October 01, 2010

Reviving the Runaways: Who Should Rule When Law, Psychology and Teenage Hormones Collide?

by ErinORiordan

Reality Bites

During the movie, I began having flashbacks to my days as an intern at an outpatient mental health clinic. Part of that internship entailed sitting in on Female Adolescent Group, a peer-support and therapy session for girls ages 13 to 17. Several who were assigned to the group (some voluntarily, some by court order) were there for very specific behaviors. They smoked pot or used other drugs. They drank alcohol. They had sex. They got into fights—the same things the young female protagonists the Currie sisters and Joan Jett play out in The Runaways.

In the mental health world, all of these behaviors are considered symptoms. The human brain doesn’t grow into its adult form until the early twenties, and decision-making is one of the last areas to mature. Scientifically speaking, psychologists know teens can’t be trusted to make their own best decisions. Biology says so.

Normal sexual behavior for a teenager, according to the therapists I worked with, could include choosing to have safer sex—as long as there was no coercion. A young man or woman’s choice of sex partner makes a lot of difference, though. To be considered “normal,” by mental health professionals, sex has to be between two people with two years or less of age difference between them. It makes psychological sense: Sexual partners should be equal in terms of physical and emotional maturity so the older one isn’t taking advantage of the younger one.

Any sexual activity outside those guidelines, then, was child abuse. If a 14-year-old told the group she’d had sex with an 18-year-old guy, the group’s two therapists were legally bound to report it to Child Protective Services. Sometimes it seemed like the right move.

In Reviving Ophelia, psychologist Mary Pipher’s influential 1994 book on female adolescence, Pipher states that sexually active teenage girls get pregnant, get STDs, suffer rejection and/or bad reputations, and become cynical. She concludes, “Most early sexual activity in our culture tends to be harmful to girls.”

Yet some girls disagree. Some teens make other choices.

“Consent of a Woman”

In an interview that originally aired on National Public Radio’s Fresh Air on May 5, 2009, novelist Ayelet Waldman discussed talking with her children about sex, sharing her own story of losing her virginity. Her partner was an Israeli soldier in his twenties; Waldman was in her teens. She spoke of her experience with some regret, but not too much. She would tell her children, Waldman said, that you should love everyone you have sex with, though you’ll love some of them much more than others. It was a wise, practical, human statement.

Wise, practical, human statements all too often are at variance with penal codes. Several years ago, Kristin Rowe-Finkbeiner addressed the issue in an article titled “Consent of a Woman.” She traced statutory rape laws back to their origins in thirteenth-century England, at which time it was considered “a property crime.” An unmarried, virgin daughter was a financial asset, and to take a girl’s virginity without her father’s consent (and the exchange of a dowry) was considered a theft.

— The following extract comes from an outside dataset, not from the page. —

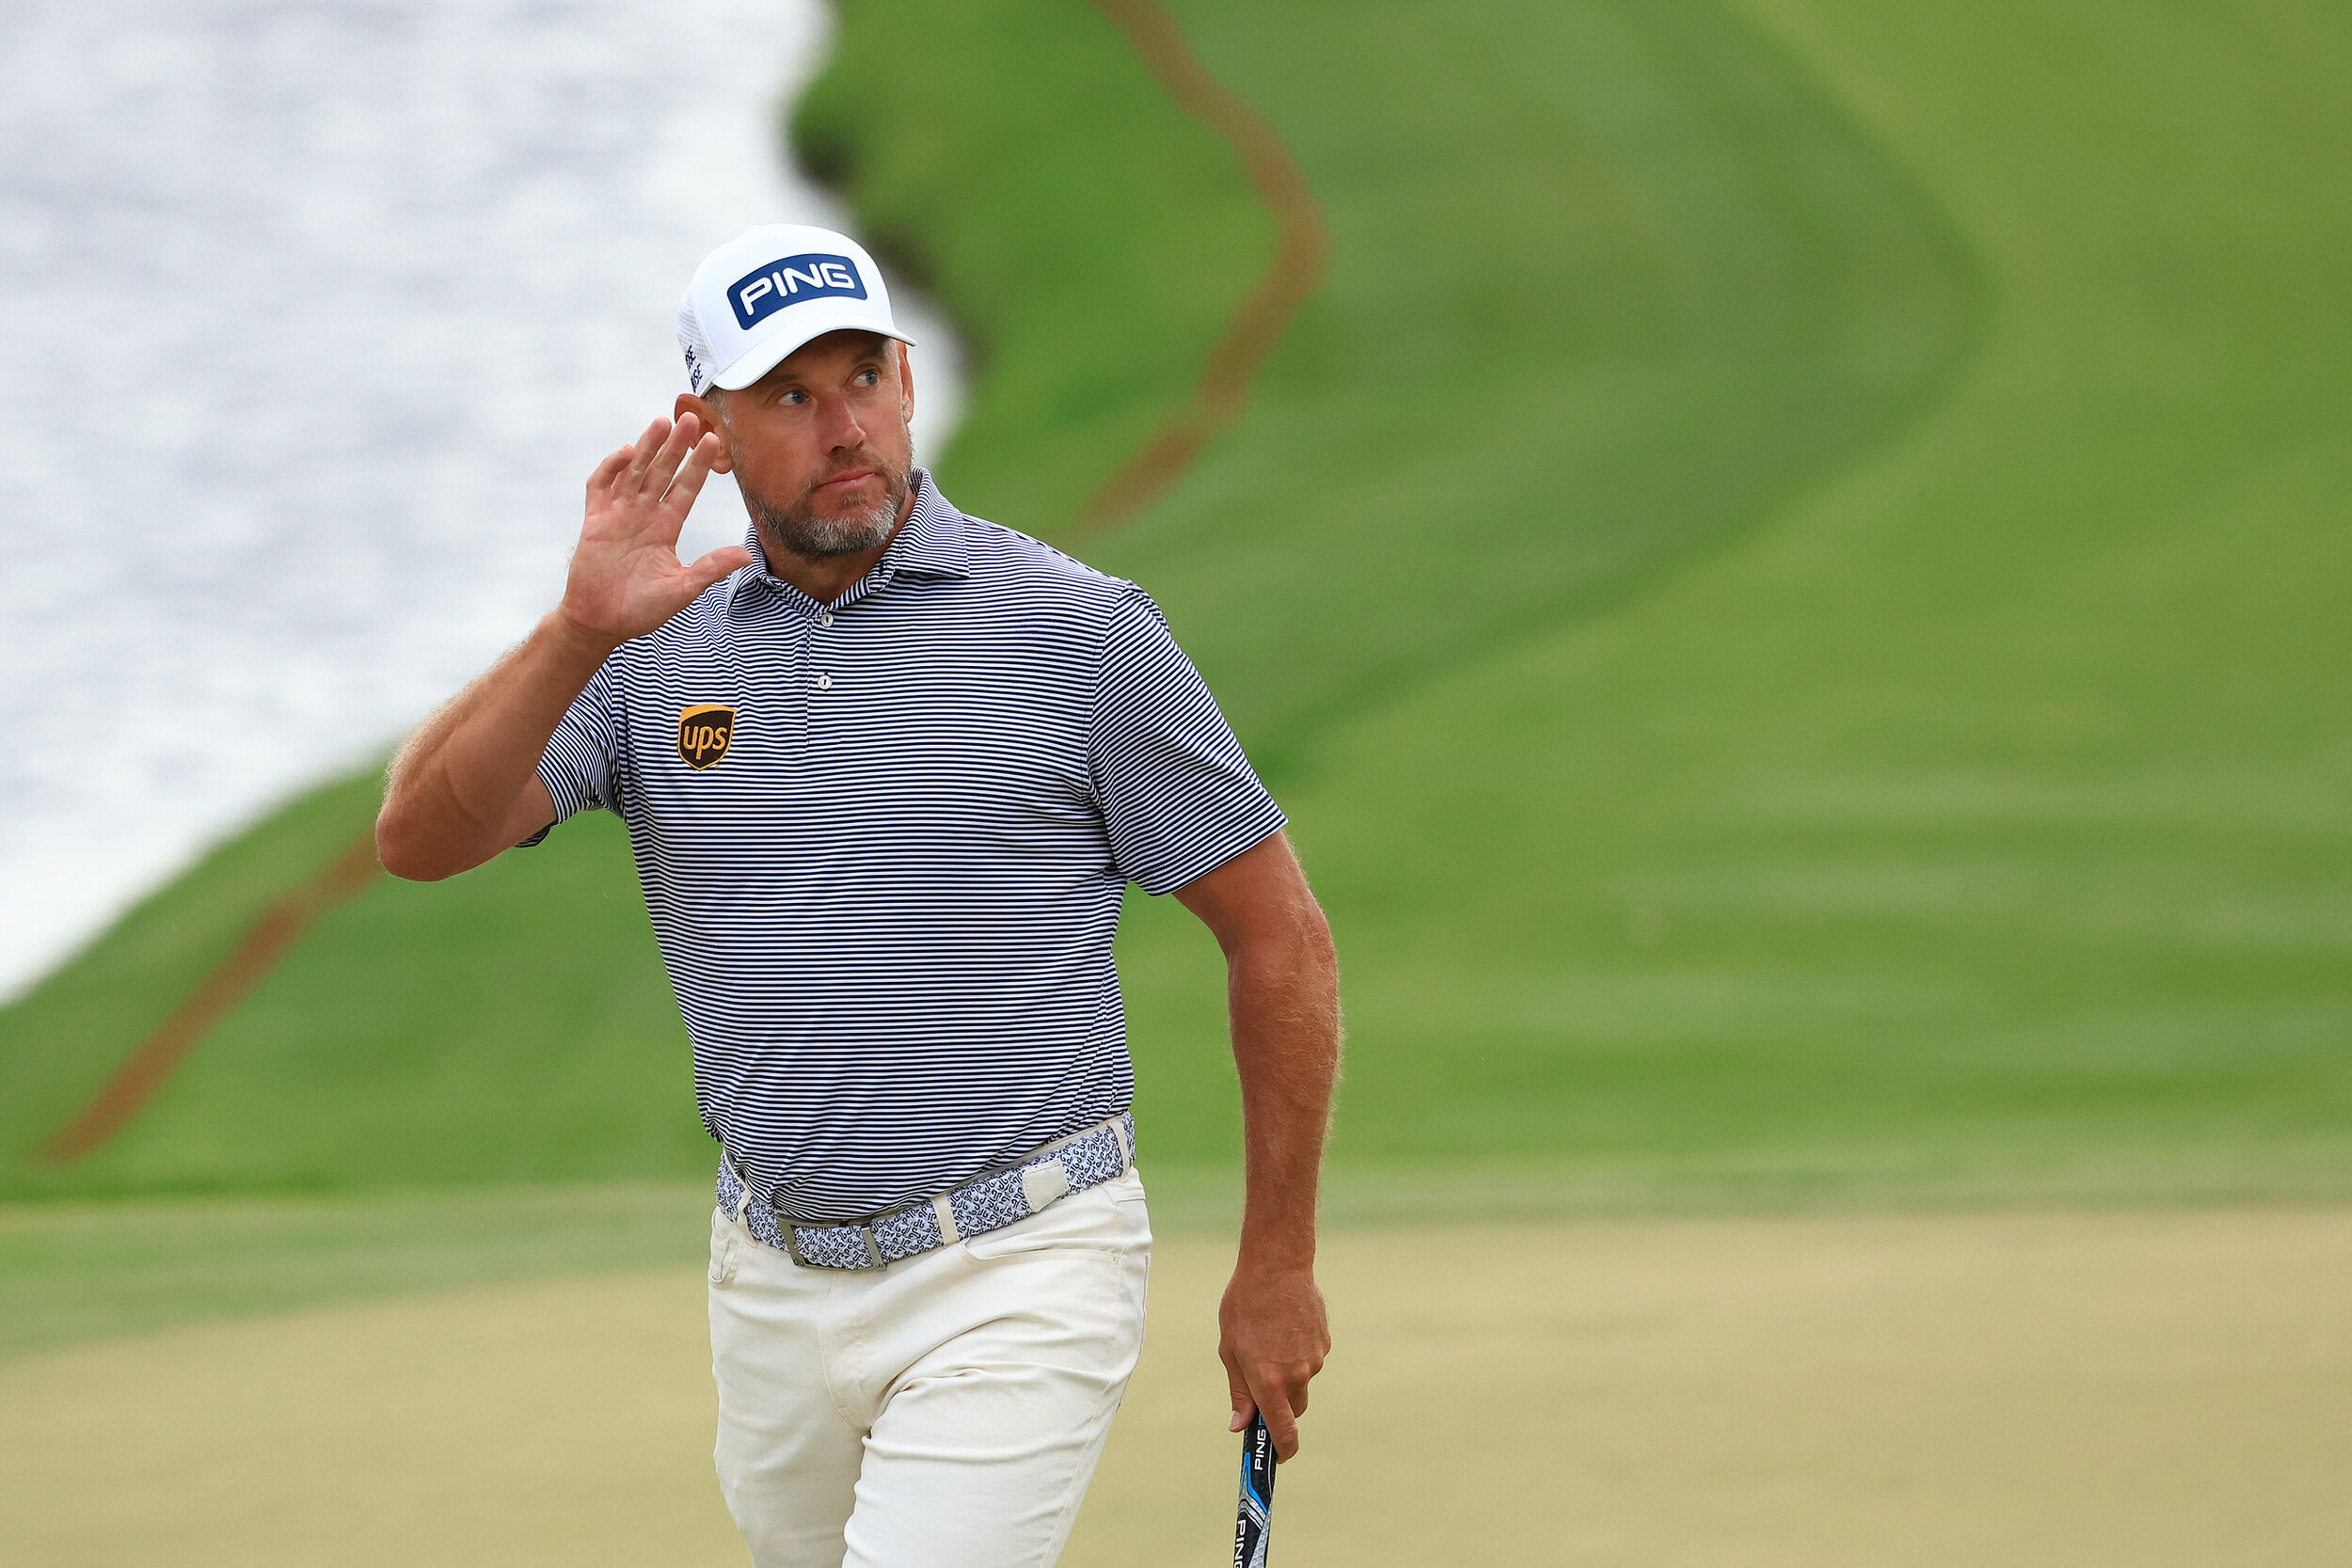  ORLANDO, FLORIDA - MARCH 06: Lee Westwood of England reacts after making a putt for birdie on the 18th green during the third round of the Arnold Palmer Invitational Presented by MasterCard at the Bay Hill Club and Lodge on March 06, 2021 in Orlando

Couple the antiquated notion of sex as a property crime with a layer of American squeamishness around anything to do with sex, and you’ve got a recipe for legal nightmares. Oklahoma, for example, charged a 16-year-old young man as an adult on two counts of sexual abuse of a child in 2008. The state also made him register as a sex offender, a lifetime designation. His crime? Having sex with his 13-year-old girlfriend. The girl told him she was almost 16. There have also been so-called “sexting” cases, where teens have been charged with possessing child pornography after receiving nude cell phone pictures from other teens their own age. In these cases, the laws are harming the ones they’re designed to protect.

The Age of Innocence

Age of consent laws vary from state to state. In Canada, the age of consent is set at 14 in every province. In the Netherlands, the age of consent is 12, but teens aged 12 to 16 have the right to petition the court if they feel they’ve been exploited or abused in a sexual relationship. At least the Dutch understand the human approach.

Laws say one thing, and the mental health community says another. Even acts that might not get you arrested—consensual sex between two 16-year-olds, for example—could get you a standing weekly appointment with a therapist, or sent to the inpatient unit. It’s not a bad place, if you don’t mind being locked up in a place where staff dictate every aspect of your daily routine, from when to brush your teeth to the length of your (monitored) phone calls.

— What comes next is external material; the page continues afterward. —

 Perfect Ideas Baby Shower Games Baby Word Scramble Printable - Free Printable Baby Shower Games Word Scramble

In The Runaways, Cherie Currie had a fabulously good time partying like an underage rock star. She also suffered consequences. Drug abuse nearly killed her. The movie didn’t portray the effects, good or bad, of having an older lover, though. It’s left up to the viewer to decide whether she was being exploited or expressing herself.

Sexual experiences can mean such a wide range of things to the people who have them. A single experience can seem pathological at one moment but seem transcendent with more hindsight, or vice versa. It’s hard to determine good or bad, harmful or healthy, sane or insane, when teenage sexuality shifts like the colors of a mood ring.